Reacquainting myself with Mother Nature’s domain. I have lived in this neighborhood for the last 18 years, and yet, I had never gone that deep into the hiking trails in the forest that makes up part of Alley Pond Park. I have always stuck around the periphery, but never really went into the forest.

In My Neighborhood

I had never even fully explored the path around the main park which I had viewed from the street hundreds of times.. until I found myself there maybe after the second week I had started walking. I walked the circular path around and round the main field, but I soon tired of it. I didn’t want to have to walk with my mask on 100% of the time, and so I strayed away and walked the outer periphery on the other side.

In My Neighborhood

I preferred to walk solitary so that I could pull my mask down when no one was around, and I’d pull it back up out of respect to the people I came across.
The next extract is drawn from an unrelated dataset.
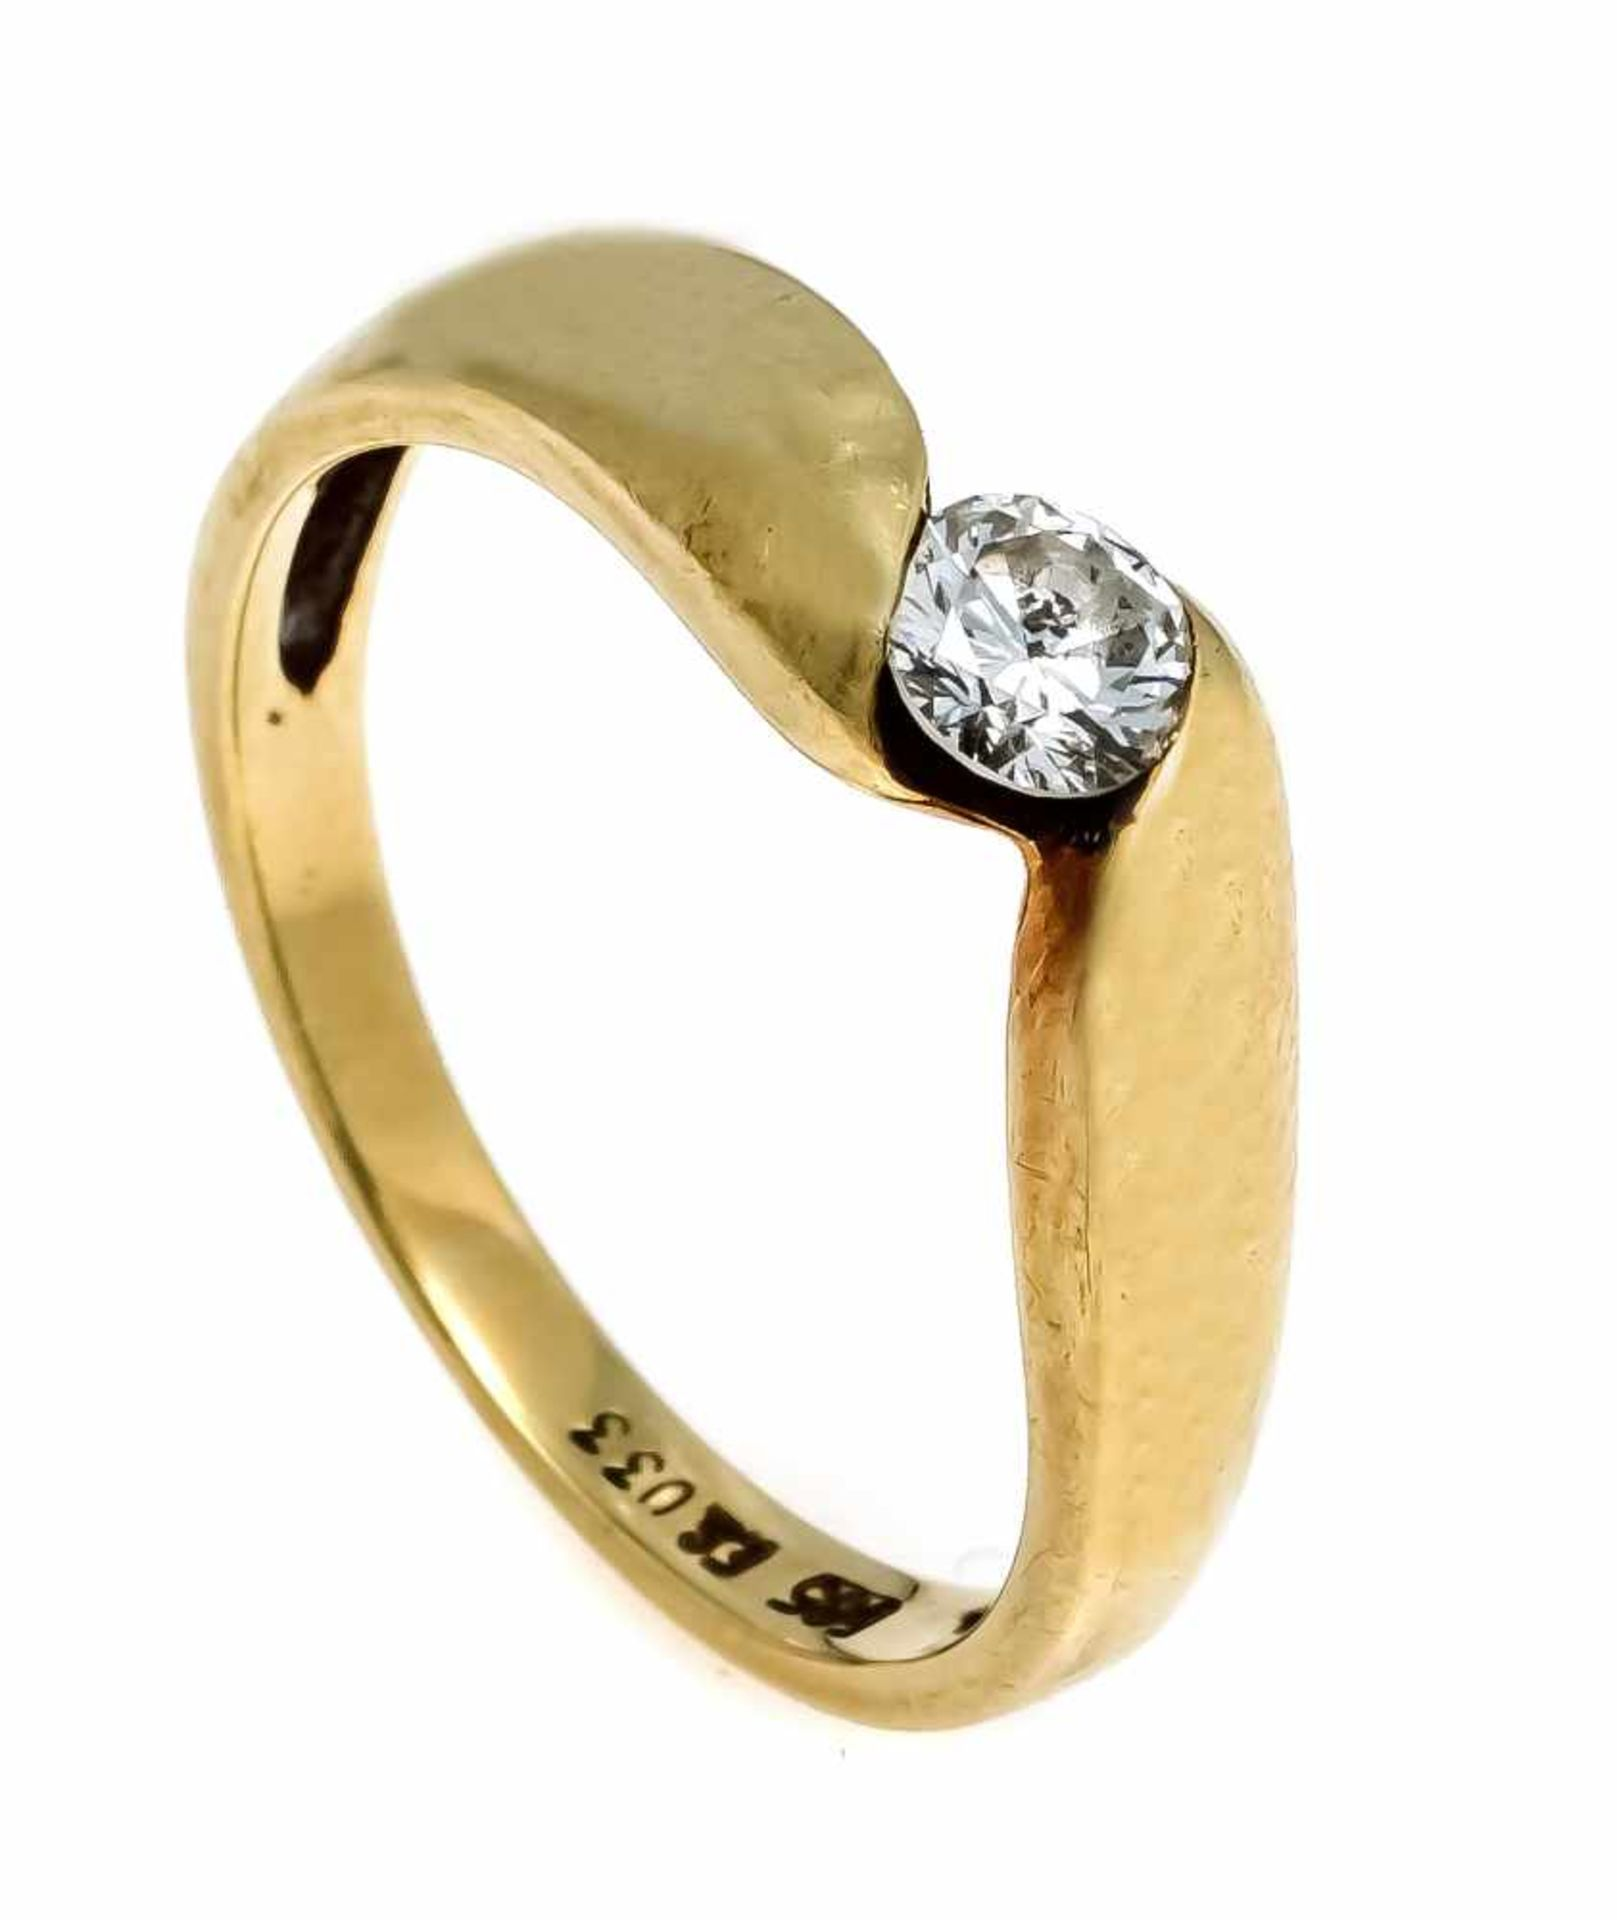 Brillant-Ring GG 585/000 mit einem Brillanten 0,33 ct l.get.W/VS-SI, RG 55, 3,6 gDiamond ring GG

I would even walk off the sidewalk just to keep my social distance — again, out of respect.

I discovered places in the park where people seemed to be so familiar — and I had to pull out Google Maps to bring myself to the right side of the park I wanted to emerge from.

In My Neighborhood

Fortunately there was enough pedestrian traffic deep in the forest that I felt I was never too far from anyone to hear a call for help, should I trip or fall.

Most days, I will walk around the park — not in it. My days are structured around work, so I am not wont to aimlessly wander and explore. Most of the time, I turn on some fast beat dance music to walk to, so that I can make good time. I walk fast, but cannot run. Even with my renewed endurance for physical exertion, I know better than to push myself and punish my feet without further priming. These two gems carry a lot of weight day in and day out and the last thing I want is to suffer some injury because I wasn’t careful. I need to be at my laptop by 9am and logged on to work. Although I can respond to emails on my phone, I don’t want to end up tripping or falling because I dared to text while walking. (Although I must confess, I do.)

I’ve managed to count the steps around and know which routes to take to rack up the numbers I need. I still end up doing it at just over an hour, but I am pretty happy at this pace.

I have come to appreciate my neighborhood more. I’ve actually walked early in the morning, under the searing heat of the midday sun and during the night one particularly busy day. The landscape changes depending on the time of day, and I see and hear things differently now, from the many nights I would find myself walking home from the bus to my doorstep.

In My Neighborhood

I’ve walked to a favorite bakeshop maybe 10-15 minutes away by car, only to discover that it took only 5,000 steps — barely. So when I walked back, I had to make up for what I owed to make 10,000 going around my block.

I have come to realize that exercise will not kill me. I may not be doing much, but given that a 45 minute work out used to be such a dreadful thought, being able to walk for hours on end like I did in Central Park a few weeks back is a feat. It’s a personal accomplishment that I now feel anxiety when I see that it’s going to rain when I look at the weather app. So I’ve taken to walking with a small sling bag with an umbrella — just in case.

I feel good that I don’t get as winded walking fast, and I can actually look at the uphill incline without worry or fear. I actually enjoy the walk and look forward to it in the mornings.

I walk

1D194D4D-0EE0-4B49-8BBD-46396D693D4AMost mornings, the alarm on my phone wakes me up — but half those mornings see me waking up before the alarm rings. It’s the sun peeking into my darkened shades and which somehow triggers a switch in my brain that tells me it’s daylight and I need to get up. Still, I will usually look at the two morning news briefings I’ve subscribed to and read up on what happened around the world the six hours that I slept. Sometimes I just lay in bed for up to an hour before I convince my limbs to carry me off. Or sometimes my bladder wins and reminds the rest of my 54-year-old body that nature is calling. Such is my wake up routine.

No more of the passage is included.